§ PROMPT:
Below is some data. Retype exactly the lines starting at the one with "Anime 1920x1076 kimono" and ending at the one with "goats in desert".

SOURCE MATERIAL Start Marker

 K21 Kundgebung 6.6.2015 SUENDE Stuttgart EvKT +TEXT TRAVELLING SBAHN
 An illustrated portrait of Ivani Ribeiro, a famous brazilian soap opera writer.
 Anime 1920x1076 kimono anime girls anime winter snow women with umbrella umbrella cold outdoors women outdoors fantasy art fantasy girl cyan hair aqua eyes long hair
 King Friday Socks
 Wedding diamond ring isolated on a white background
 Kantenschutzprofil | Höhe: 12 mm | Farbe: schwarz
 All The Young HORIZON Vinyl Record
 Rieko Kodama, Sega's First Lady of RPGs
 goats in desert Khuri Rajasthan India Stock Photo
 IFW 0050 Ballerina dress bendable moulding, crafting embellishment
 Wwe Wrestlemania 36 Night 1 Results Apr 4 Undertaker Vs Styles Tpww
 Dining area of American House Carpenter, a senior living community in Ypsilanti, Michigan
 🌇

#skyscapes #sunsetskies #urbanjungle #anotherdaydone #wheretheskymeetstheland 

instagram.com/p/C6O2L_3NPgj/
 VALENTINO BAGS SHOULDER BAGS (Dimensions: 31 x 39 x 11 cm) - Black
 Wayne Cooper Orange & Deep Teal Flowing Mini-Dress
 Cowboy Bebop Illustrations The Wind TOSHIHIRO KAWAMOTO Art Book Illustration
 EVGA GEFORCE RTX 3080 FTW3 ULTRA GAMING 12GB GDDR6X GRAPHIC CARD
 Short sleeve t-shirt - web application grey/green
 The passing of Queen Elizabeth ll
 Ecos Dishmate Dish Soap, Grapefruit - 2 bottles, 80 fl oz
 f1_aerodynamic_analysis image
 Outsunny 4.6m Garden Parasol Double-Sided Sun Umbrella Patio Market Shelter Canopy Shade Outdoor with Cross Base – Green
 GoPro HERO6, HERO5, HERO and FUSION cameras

SOURCE MATERIAL End Marker

§ ANSWER FOR THE TASK:
 Anime 1920x1076 kimono anime girls anime winter snow women with umbrella umbrella cold outdoors women outdoors fantasy art fantasy girl cyan hair aqua eyes long hair
 King Friday Socks
 Wedding diamond ring isolated on a white background
 Kantenschutzprofil | Höhe: 12 mm | Farbe: schwarz
 All The Young HORIZON Vinyl Record
 Rieko Kodama, Sega's First Lady of RPGs
 goats in desert Khuri Rajasthan India Stock Photo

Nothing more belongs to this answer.